**DATASET CONTENT**
+-------+
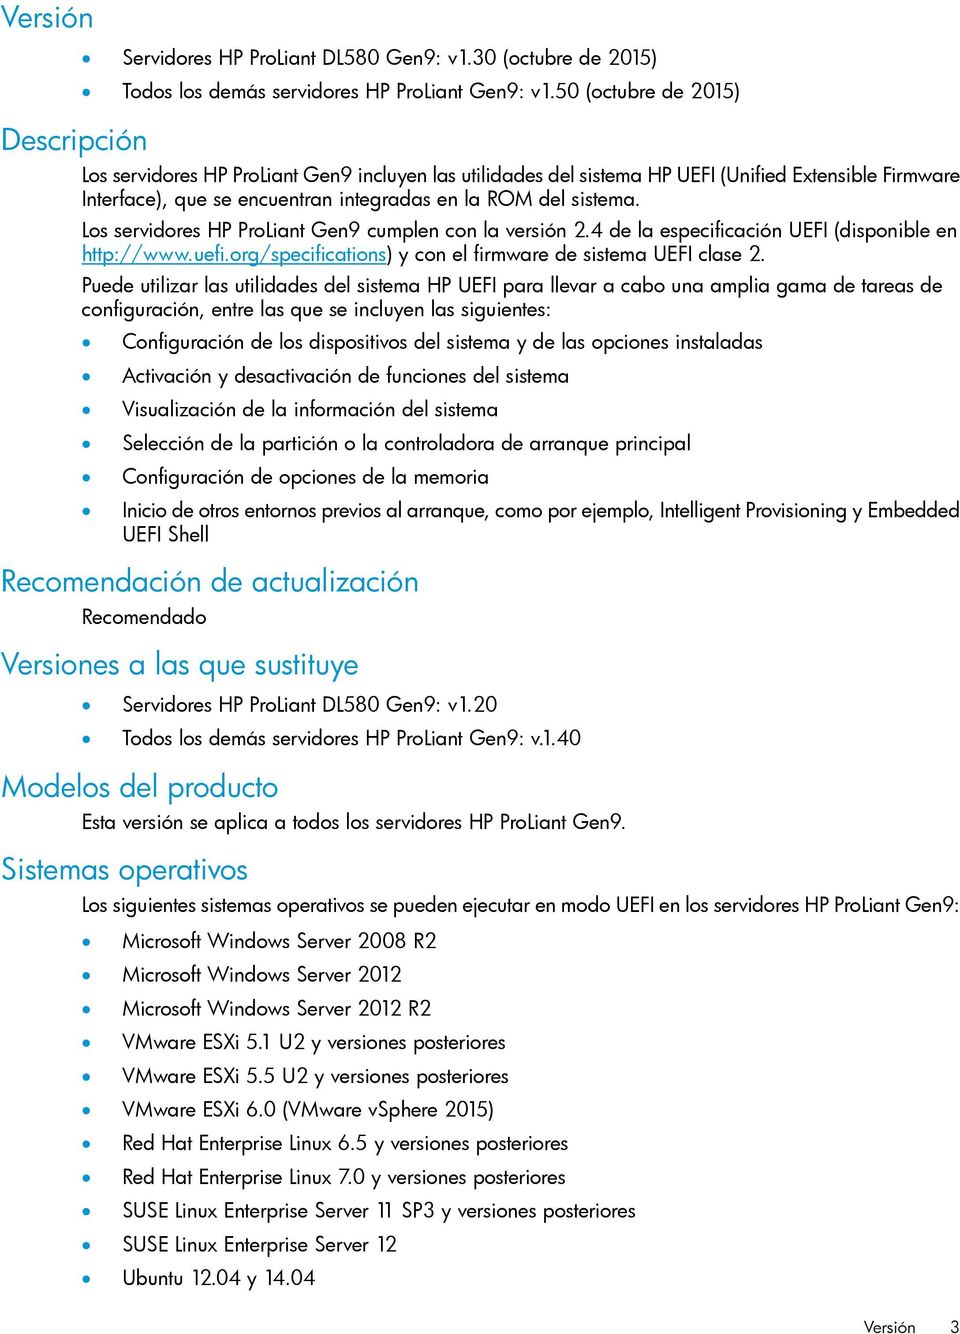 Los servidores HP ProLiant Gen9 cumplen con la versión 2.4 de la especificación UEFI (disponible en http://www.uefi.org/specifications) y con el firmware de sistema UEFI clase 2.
+-------+
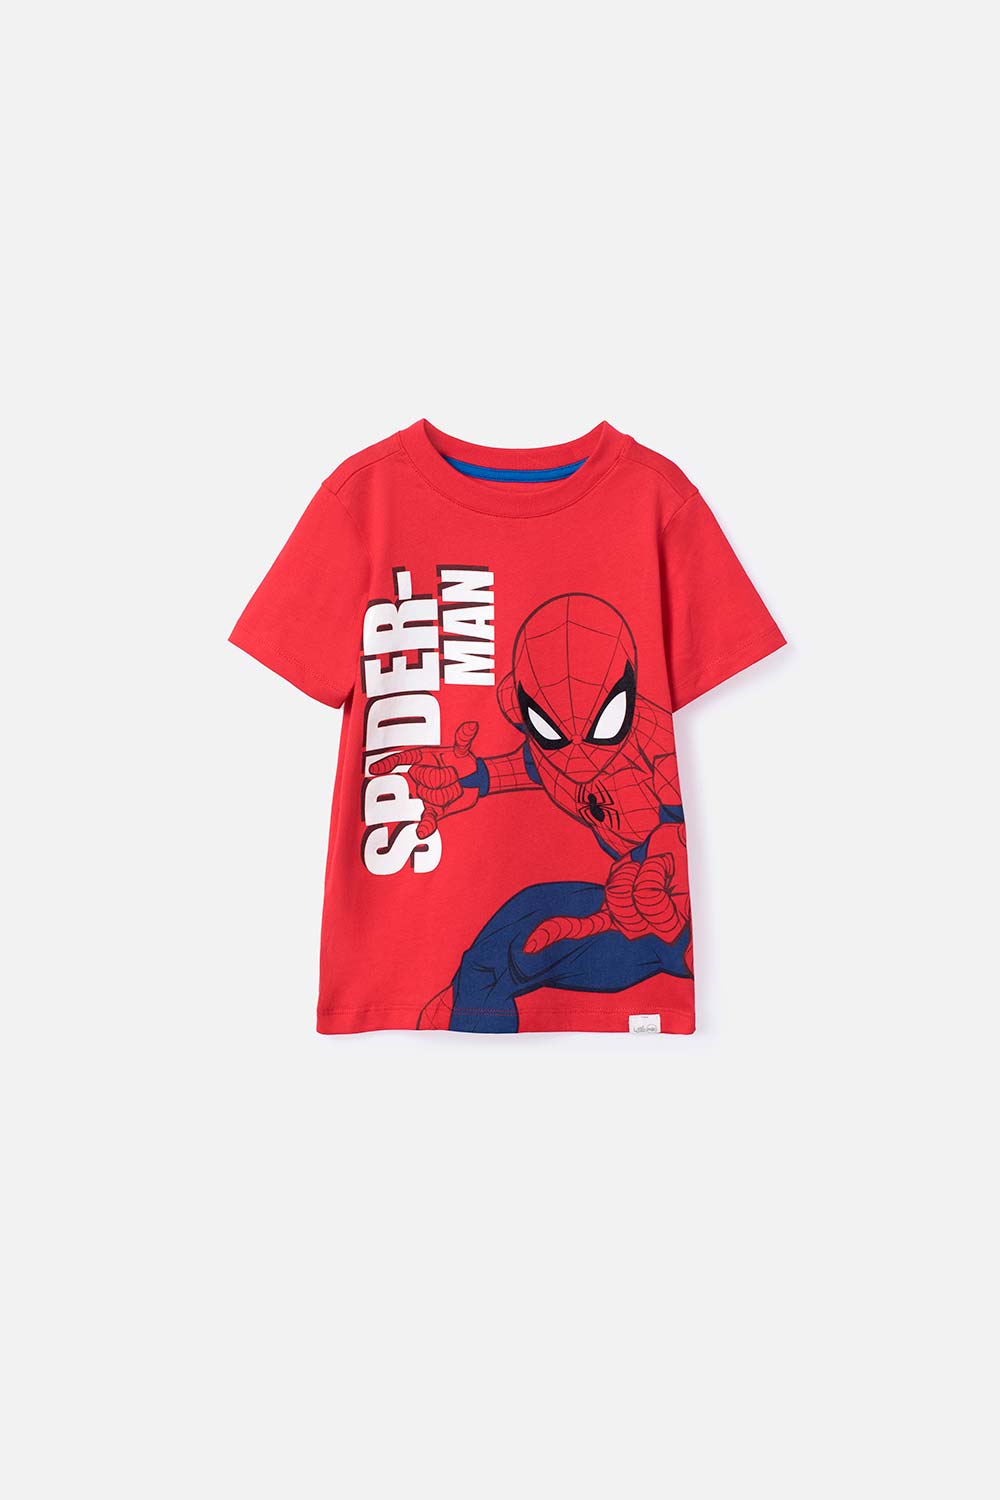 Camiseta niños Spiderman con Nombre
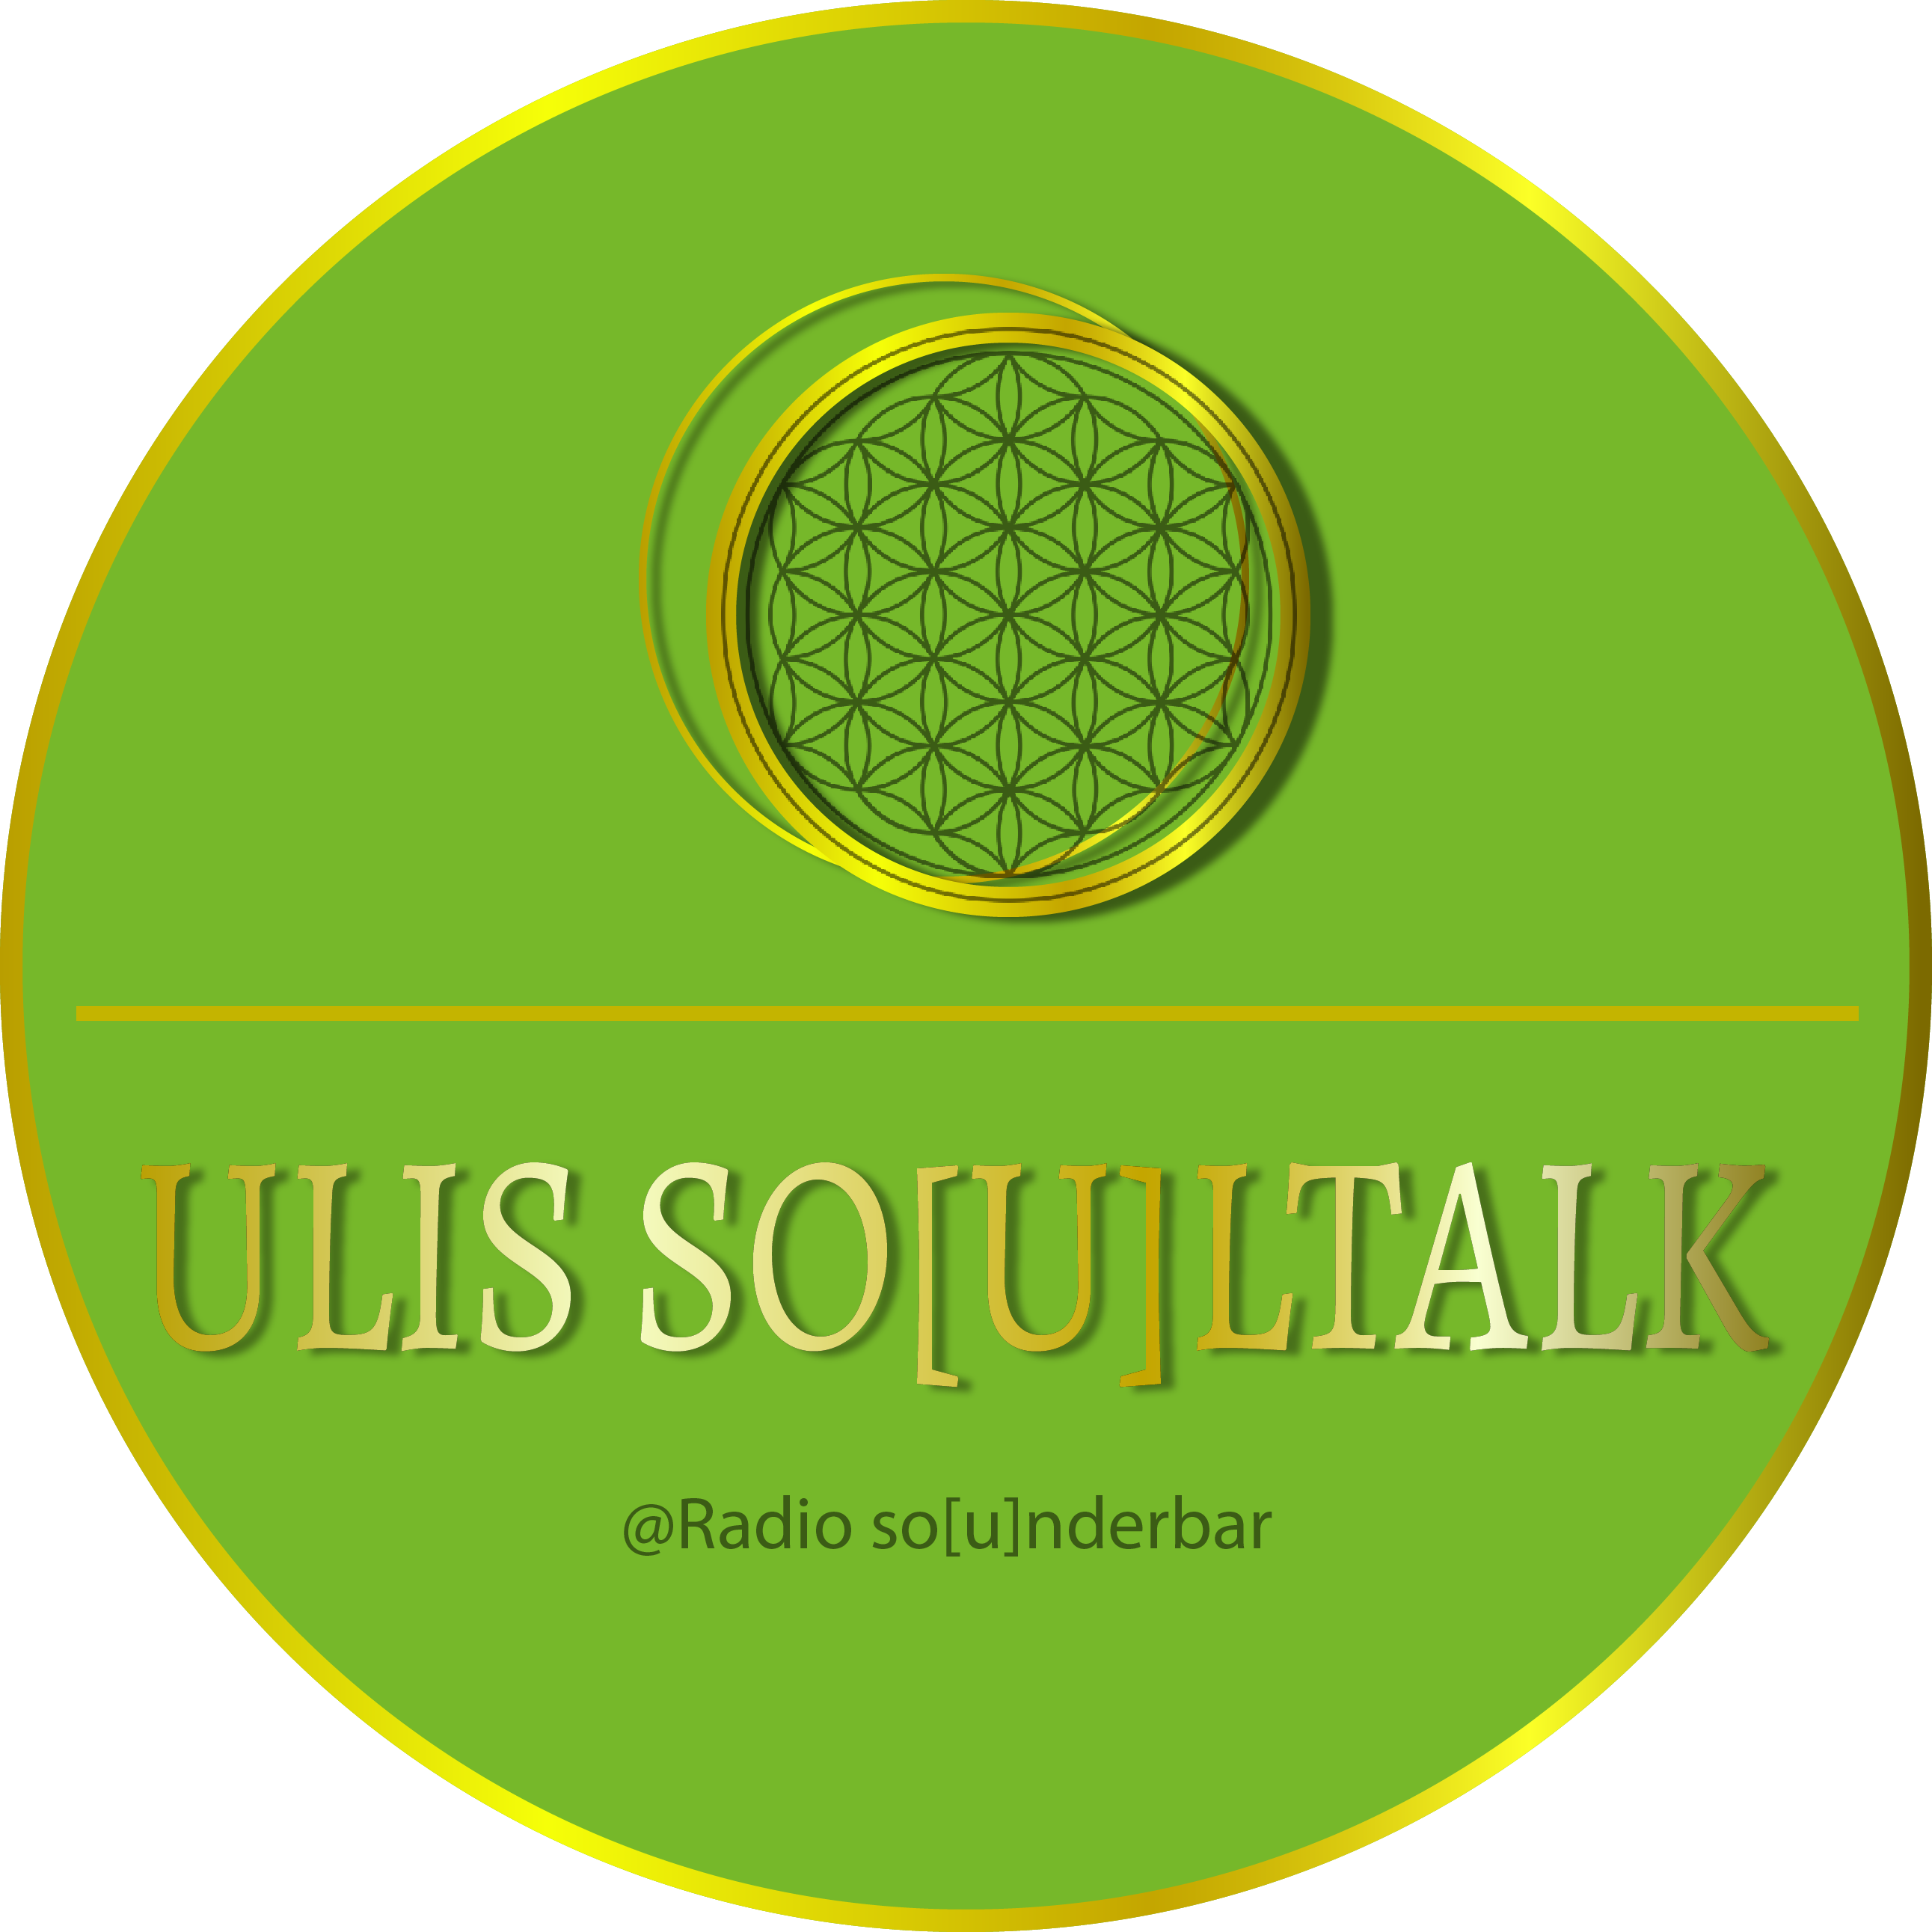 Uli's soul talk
+-------+
**TASK REQUIREMENTS**
Start with the line with "Camiseta niños Spiderman con Nombre" in the listing above and stop after the line with "Uli's soul talk". Write out exactly the lines in that stretch and no others, without pictures.

**ANSWER TO THE EXERCISE**
 Camiseta niños Spiderman con Nombre
 Uli's soul talk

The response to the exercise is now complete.